An effective personal supporting intervention for topical treatment is also cost-effective for psoriasis
Mathias Tiedemann Svendsen, Klaus Ejner Andersen, Steven R Feldman, Anna Mejldal, Sören Möller, Line Planck Kongstad- Dermatology
Abstract
Background
Topical treatment combined with regular patient-support provided by dermatological nurses in structured consultations of 20-minuts duration every fourth weeks improved psoriasis severity, quality of life, and treatment adherence compared to topical treatment combined with standard patient-support which is seeing a dermatologist every third month.
Aim
To examine economic impact of the patient support from a healthcare sector perspective.
Methods
Costs for primary care, secondary healthcare services, and costs of prescription medication were compared for the intervention and non-intervention group over 48 weeks. Health benefits were expressed in terms of quality-adjusted life-years (QALYs) measured by the EuroQoL five-dimension three-level questionnaire.

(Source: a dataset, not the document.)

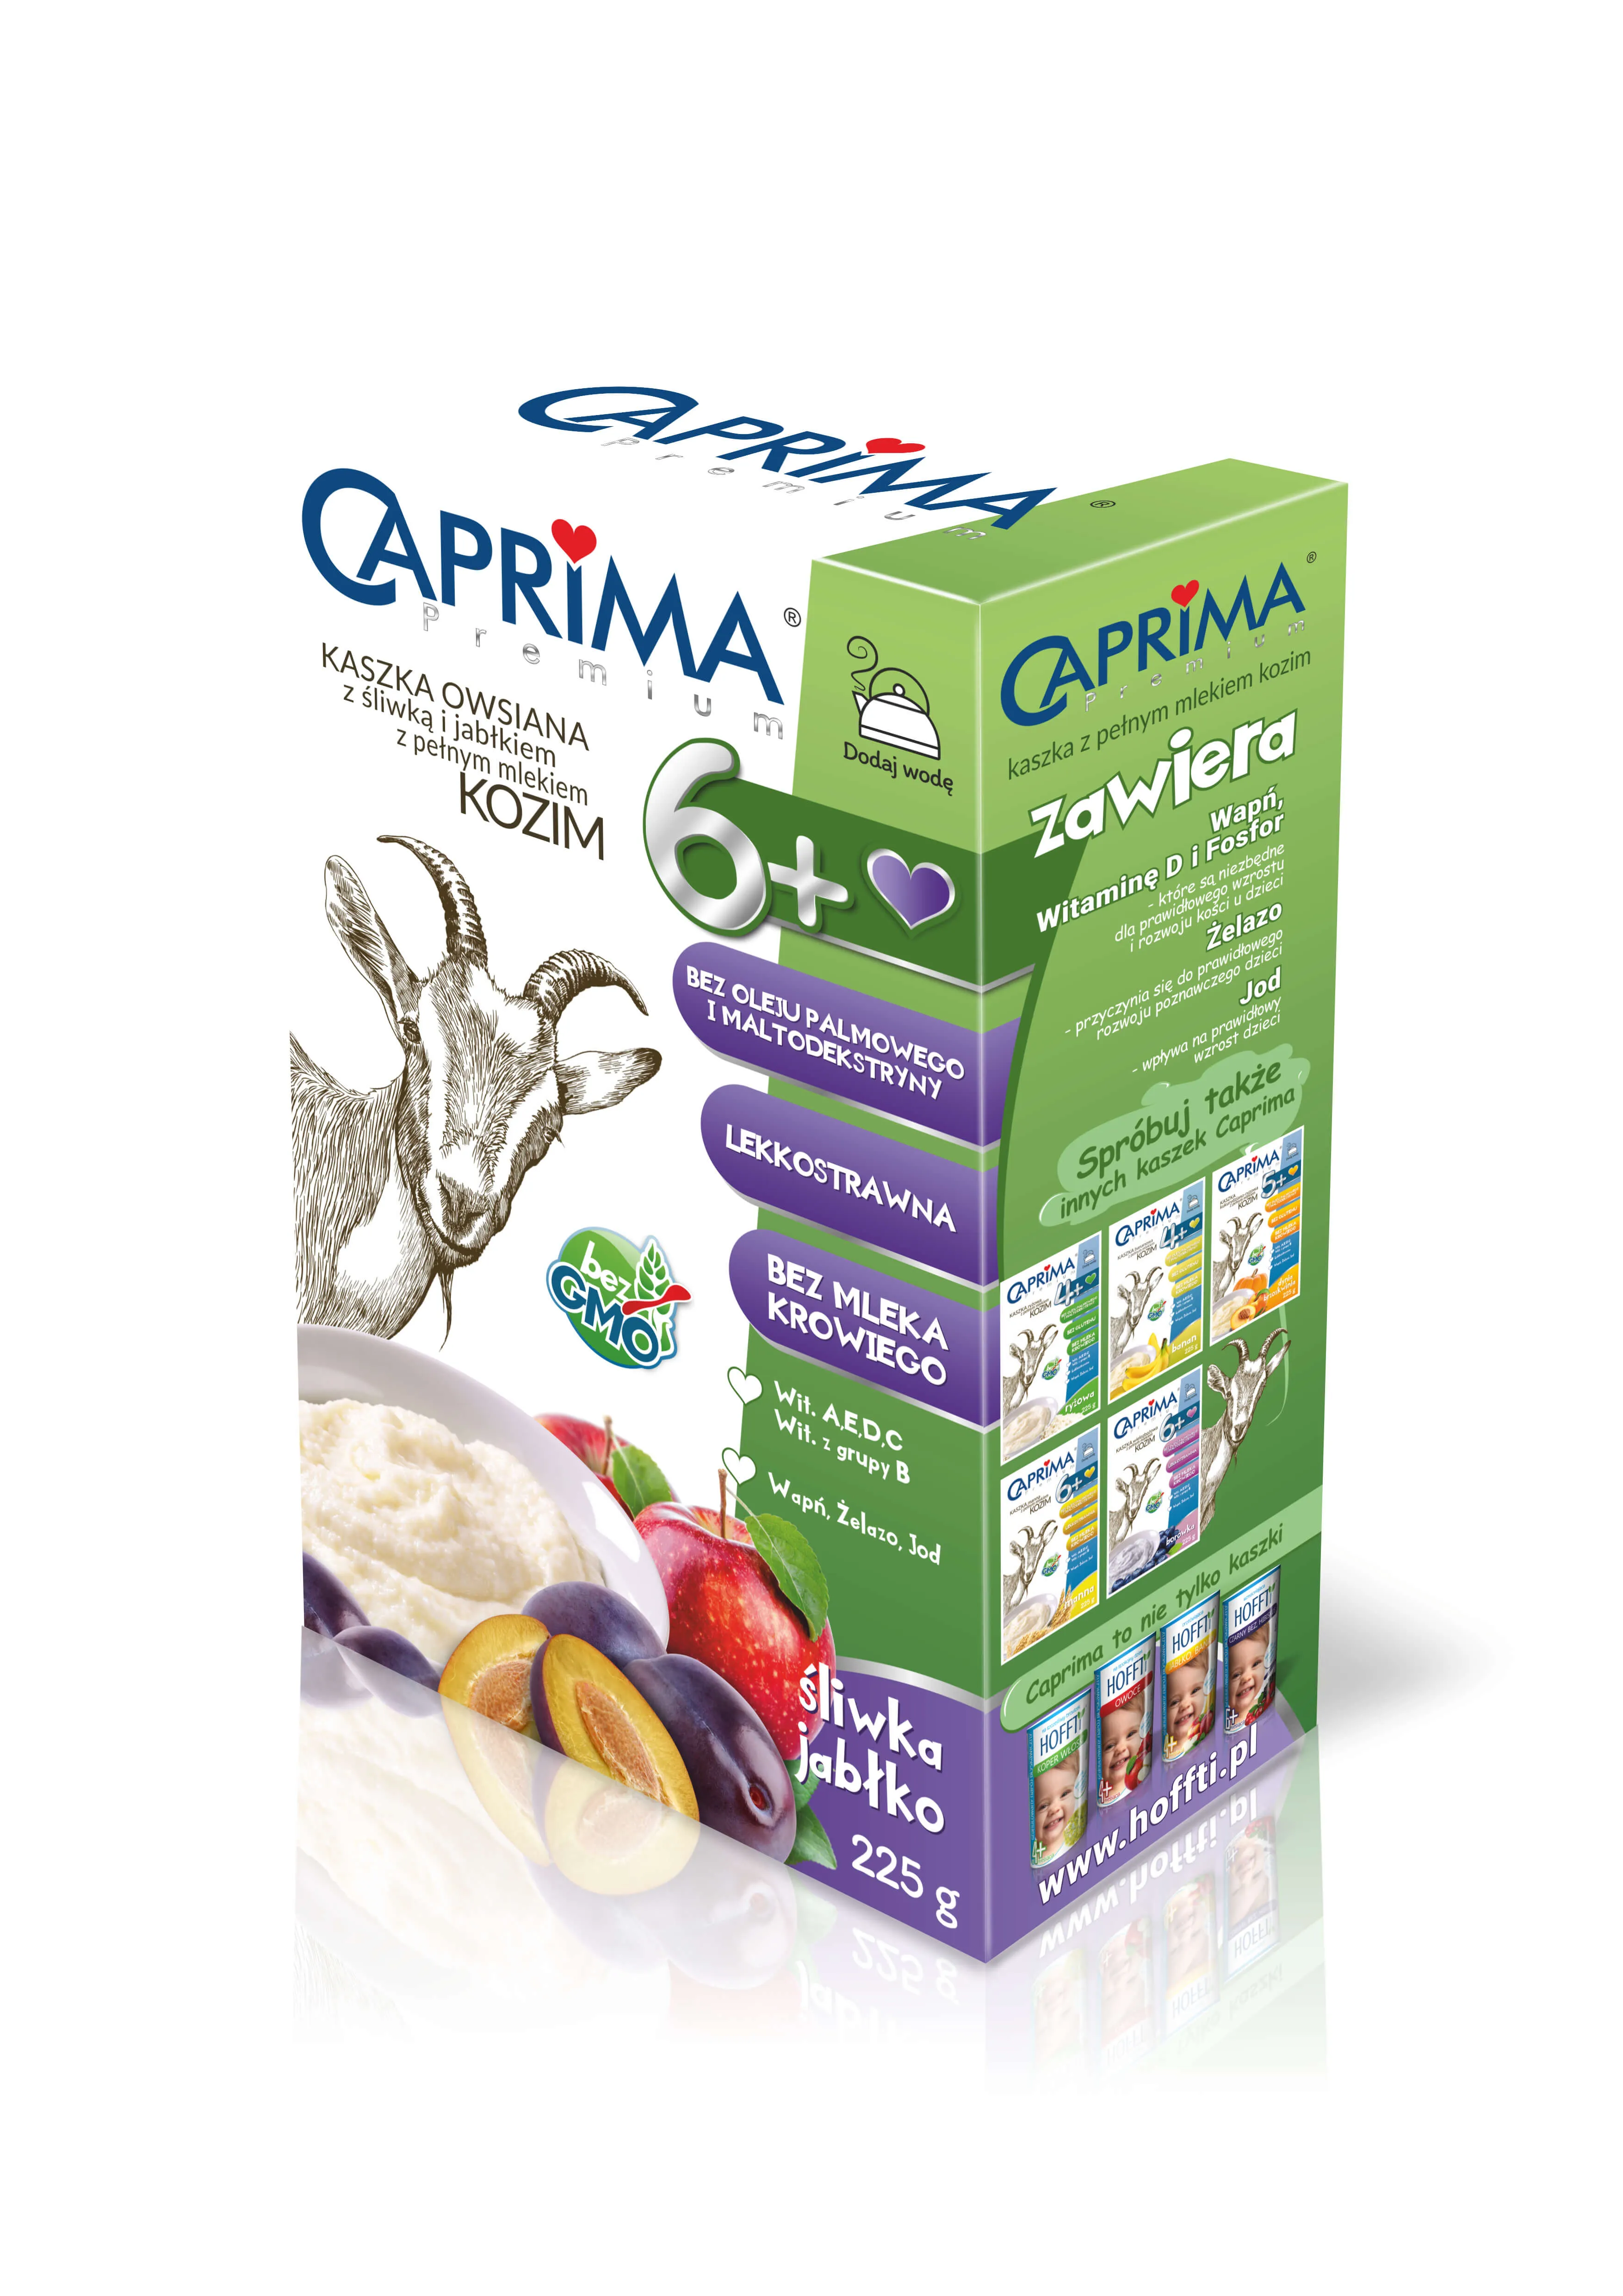 _Caprima Premium, kaszka owsiana z pełnym mlekiem kozim ze śliwką i jabłkiem, 225 g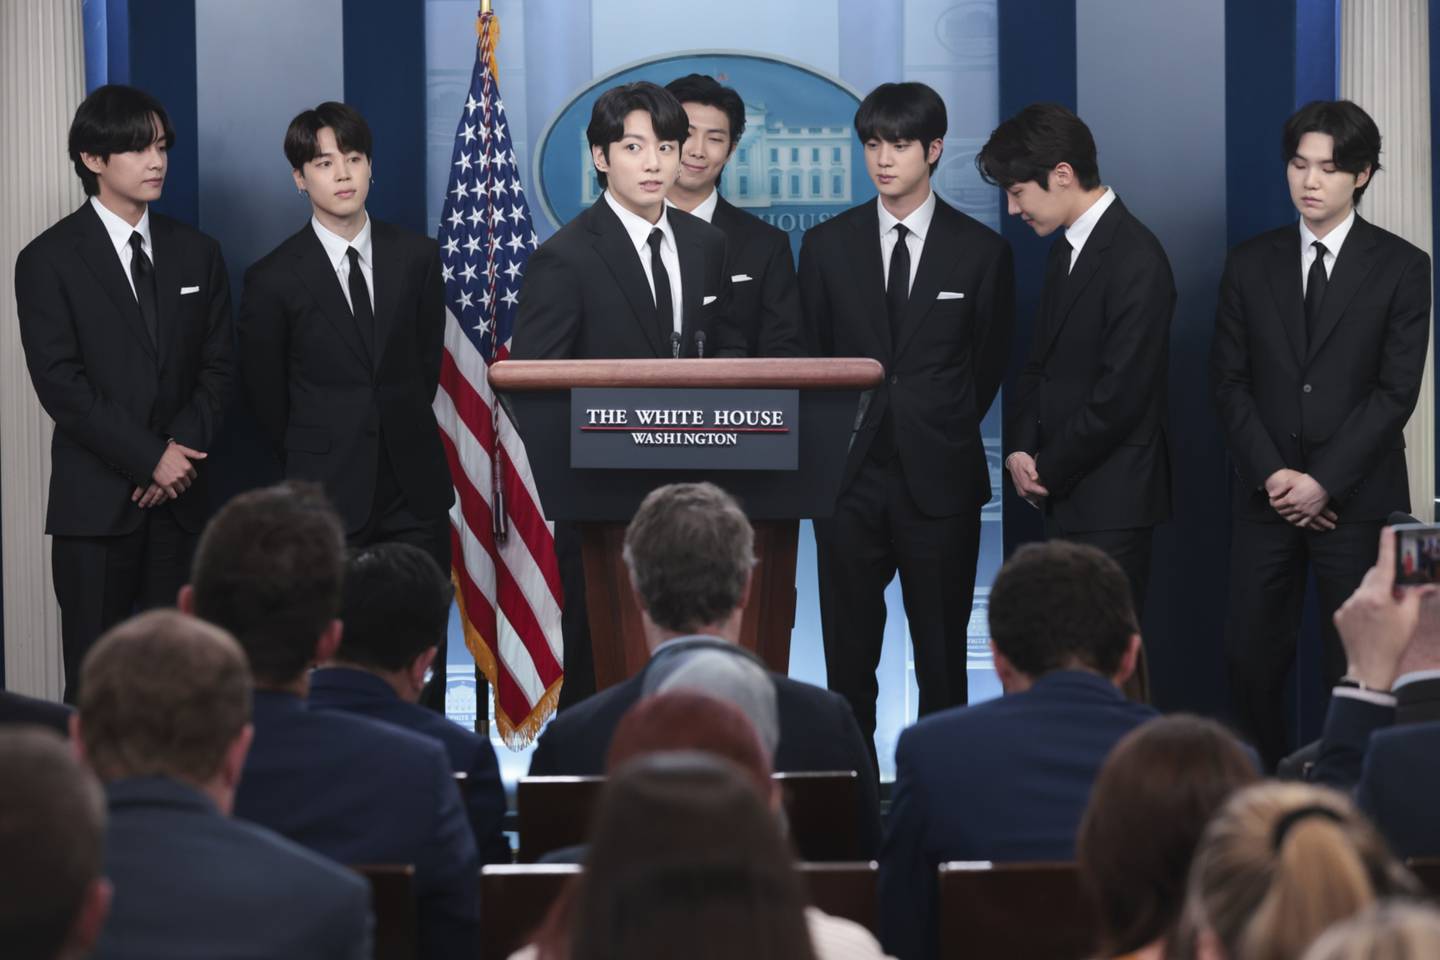 Los integrantes de la banda BTS en conferencia de prensa en la Casa Blanca.dfd

Regression analyses were used to estimate incremental cost and QALYs.
Results
The incremental cost was estimated at £462, with an average increase of 0.08 QALYs per patients for patients receiving the intervention compared to patients receiving standard care. The incremental cost-effectiveness ratio for patients was £5,999/QALY. The intervention had an almost 100% probability of being cost-effective at a willingness-to-pay threshold of £30,000 per QALY.
Conclusion
Addressing adherence issues is critical to improving psoriasis patients’ topical treatment outcomes. The personal support intervention was effective with an acceptable increase in costs.